Among the mayhem of being psychologically battered by illegal substances I considered ending my life… I remember saying a prayer saying, “Well, God, are you real or are you not, because I want to find out tomorrow if you are.” I was going to end my life. I said the prayer in my own room. Then I lay back on my bed, switched on the TV, and saw a scene of Galilee in the Holy Land. Then I heard a voice saying, “Mark, I do love you.” I thought, “Well, I’m not high and I’m not drunk. So this can’t be that.” But the timing of it was so perfect. I really thought, “Wow! There must be something.”

 

And that was the start of an amazing journey to a relationship with God and a full time career as a Christian rap artist. He says, “Now Jesus is my whole life. He is the reason I get up in the morning.”

 

So we have a nation, Israel, at its lowest point recovering hope and we have a person, David, at his lowest point recovering hope. For the nation and for David, repentance, worship and remembering God’s faithful love are keys to that recovery of life. For Mark Edwards it was just crying out to God out of despair.

 

The invitation to life is available to everyone. Why waste our time on poor value substitutes? If God is offering life, why turn elsewhere?

 

Well, let’s move on to the gospel reading. God may offer us life, but he looks for fruit from us.

 

I am useless with growing things. I do not know how to keep them alive. Either I swamp them with too much water or I give them too little. The result is always the same. They tend to die if left in my care. Viv was away leading a retreat for four days last week. When she arrived home, what was the first thing she did? She raced around with one of these little watering cans with long spouts desperately trying to revive the house plants I had totally neglected. She made the passing comment the next morning that the plants all seemed to have perked up. I took the point. You see, she is a life-giver and she expects the plants that she nurtures and tends to flower and bear fruit.

 

Jesus tells the parable of the fig tree.

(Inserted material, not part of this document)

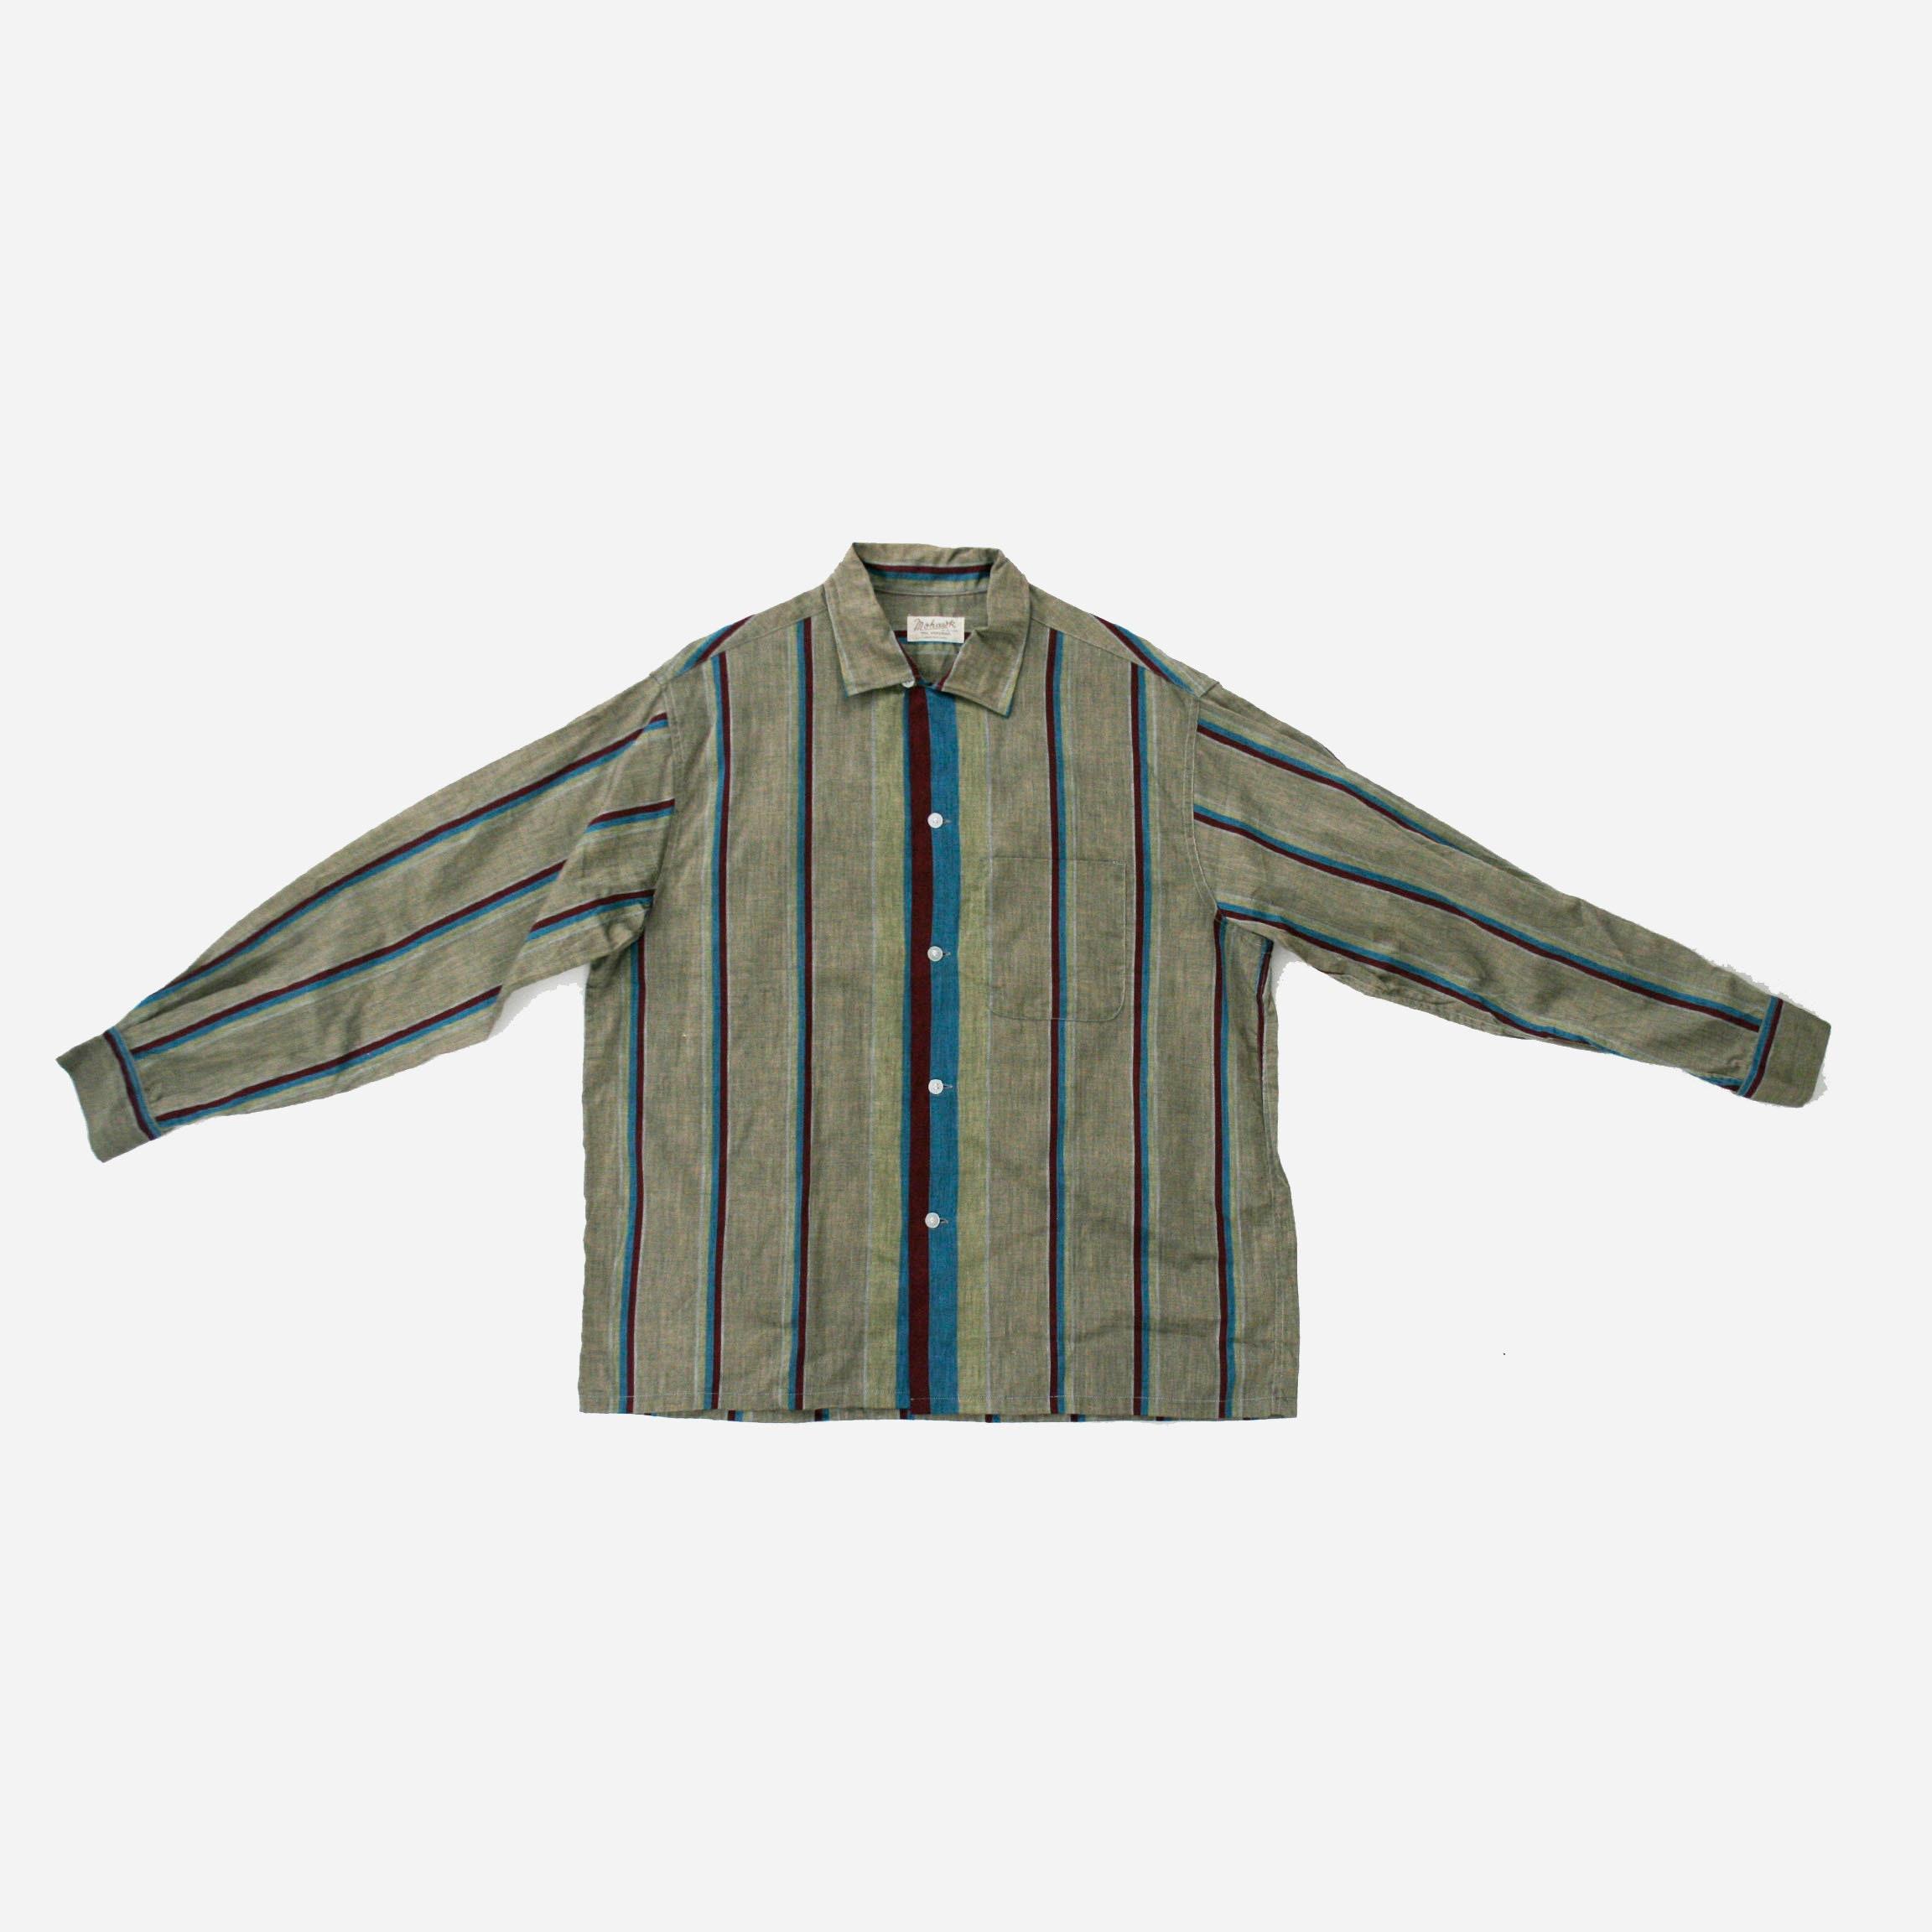 1940s Mens Ties | Wide Ties & Painted Ties Vintage 1940s Mens Stripe Mohawk Button Down - Gray Burgundy Blue Loop Collar Shirt Long Sleeve Print Atomic Xxl Deadstock $0.00 AT vintagedancer.com

From the fig tree the owner expects fruit. If it does not produce, it does not fulfil its purpose. A tree that does not fruit is taking up room, feeding off the land and not giving in return. In the parable, the tree is given another chance. It will be dug round and fertilised for another year.

 

The fig tree in the parable was all promise and no performance. It had its leaves, but it did not produce fruit, and that was its main purpose. It was helped and encouraged to bear fruit, but so far it had not responded.

 

All things have a purpose – and that includes us. The life-giver, the living God who has come to us in Jesus Christ, is offering us life. He calls us to receive and then to bear fruit. It matters how we live. It matters how we use the life we have been given.

 

This season of Lent is an opportunity to reflect again on all that we have been given in Christ – his presence with us always, the guidance of his word, his unfailing love, his forgiveness, his peace that passes understanding. And it is an opportunity to repent – to turn from those values and lifestyles and habits that somehow sell us short. And it is a time to respond and to bear fruit through actions that make a difference in God’s world.

 

The invitation made to the exiled people of Israel is an invitation to us.

 

Come, all you who are thirsty, come to the waters; and you who have no money, come, buy and eat! Come, but wine and milk, without money and without cost.

 

Later we have the opportunity to receive once again bread and wine, those symbols of Jesus’ life laid down and Jesus’ life offered to us. Let’s eat and drink of him. And, as the final words of the service will say, go in peace to love and serve the Lord. In the name of Christ, Amen.